Golden Gaytime.  Been around since forever and predates the double-entendre by a decade or two.  (and yes, we snigger.)

Masterfoods Finishing Sauce is a newy though,  but we virtuously clean minded people don't seem to see much wrong with that.



Inghams Breast Munchies... haven't seen those but Inghams is ours.  Sounds yummy, for some anyway. 



Funniest one I encountered in a supermarket, and I made a total moron of myself by cracking up helplessly in the aisle, was little neat shiny bags containing  'Camel Dates.'

Dates were a polite synonym for arseholes here at the time and the thought of a bagful of camel ones was more than I could handle. 
I bought a heap of them to pass around to friends who similarly cracked up over it.

Someone must have pointed out the marketing mistake with the brand name and the next batch were 'Palm Dates'.... pity.
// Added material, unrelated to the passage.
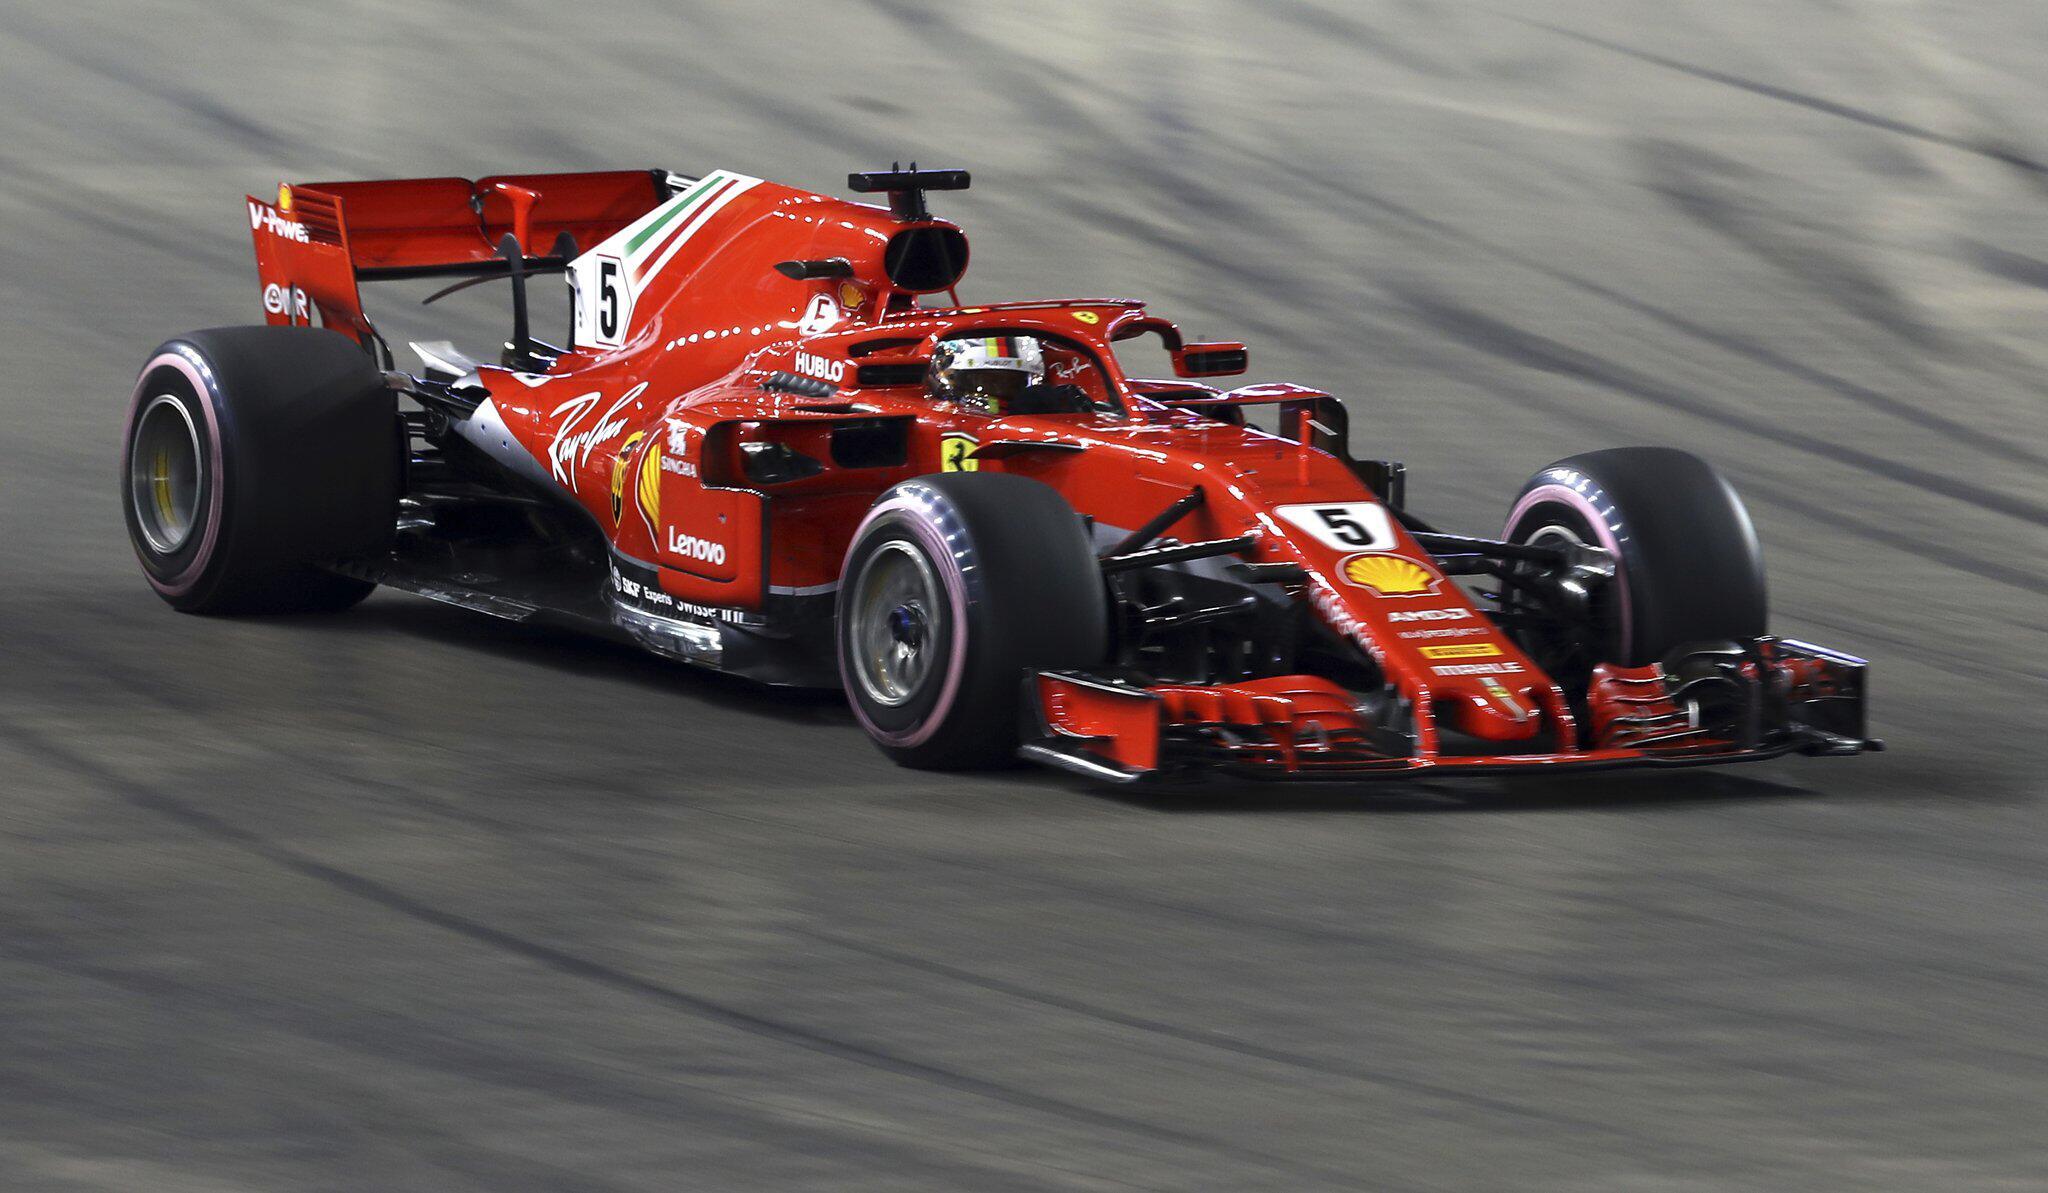 Bild zu Formel 1 - Großer Preis von Singapur
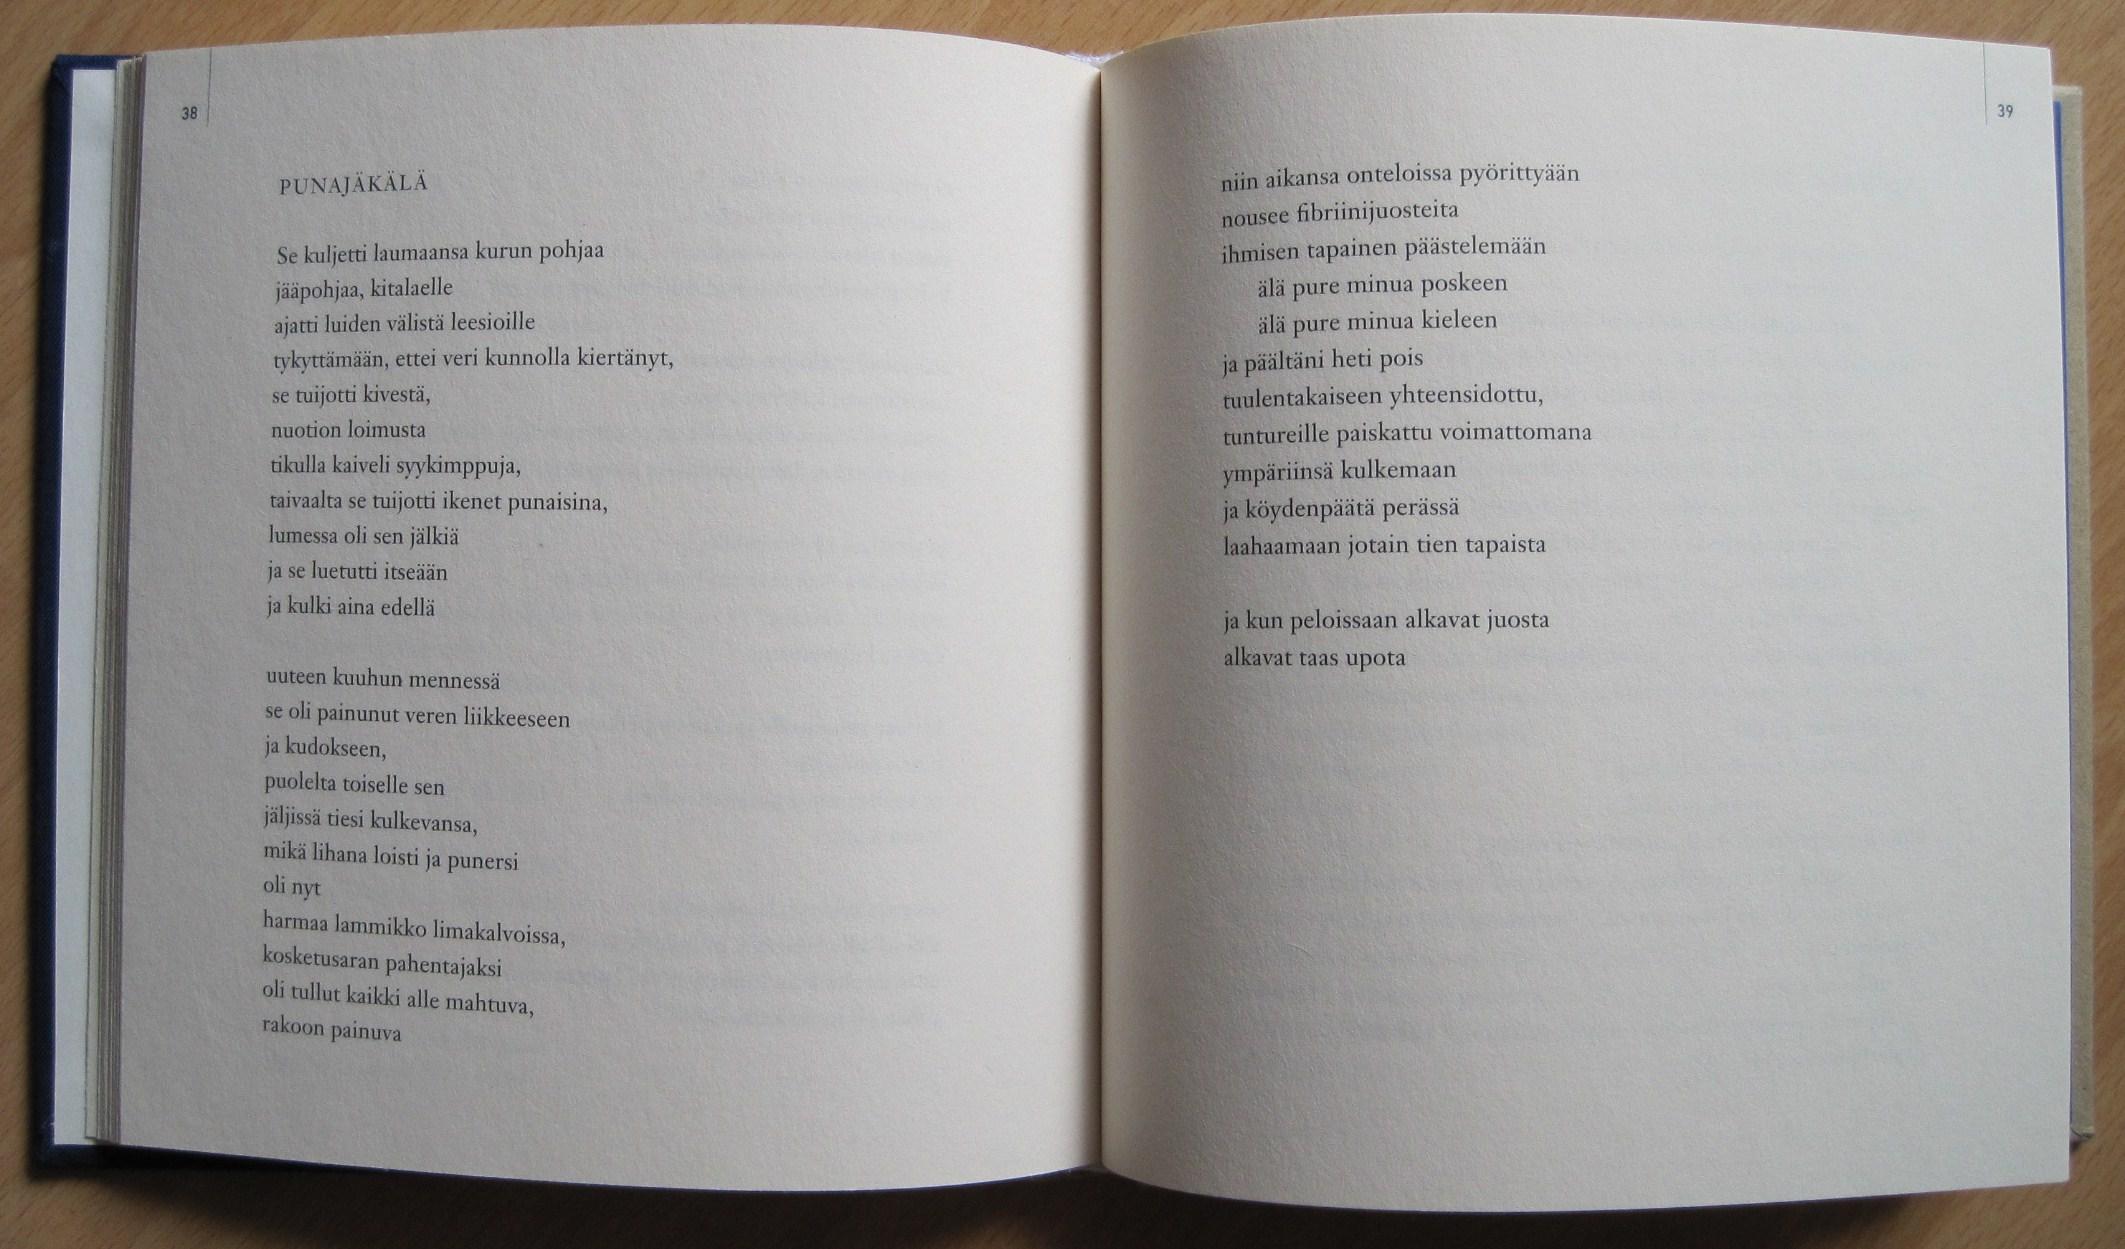 Hieno, pieni kiekura, sivut 38 ja 39

That Slut Soup sounds a winner.  "Cheap, fast and easy."   Who said Asians have no sense of humour?  :lofl:


----------



## SifuPhil (Jan 10, 2014)




----------



## Ozarkgal (Jan 10, 2014)

I remember the Ayds diet candy...and I have used Dry Sack sherry in cooking before.


----------



## Diwundrin (Jan 10, 2014)

I wanna see the label on the Donuts!!!


----------



## Ozarkgal (Jan 10, 2014)

Di..you made me laugh more than the labels!!!:rofl:


----------



## Ozarkgal (Jan 10, 2014)

Looking at the donuts and still laughing...:badgirl:


----------



## Jillaroo (Jan 10, 2014)

_One only has to read the labels on My dog food the little ones OMG the description of some of them is like i am reading a posh restaurant menu_


----------



## SifuPhil (Jan 11, 2014)

Jillaroo said:


> _One only has to read the labels on My dog food the little ones OMG the description of some of them is like i am reading a posh restaurant menu_



I'm not surprised - the TV ad for one of the high-end dog-foods makes mention that "*as your dog's parent you want only the best for them*". Really? You're their parent? I wonder if the female viewers are aware of the breeder's name for a female dog? 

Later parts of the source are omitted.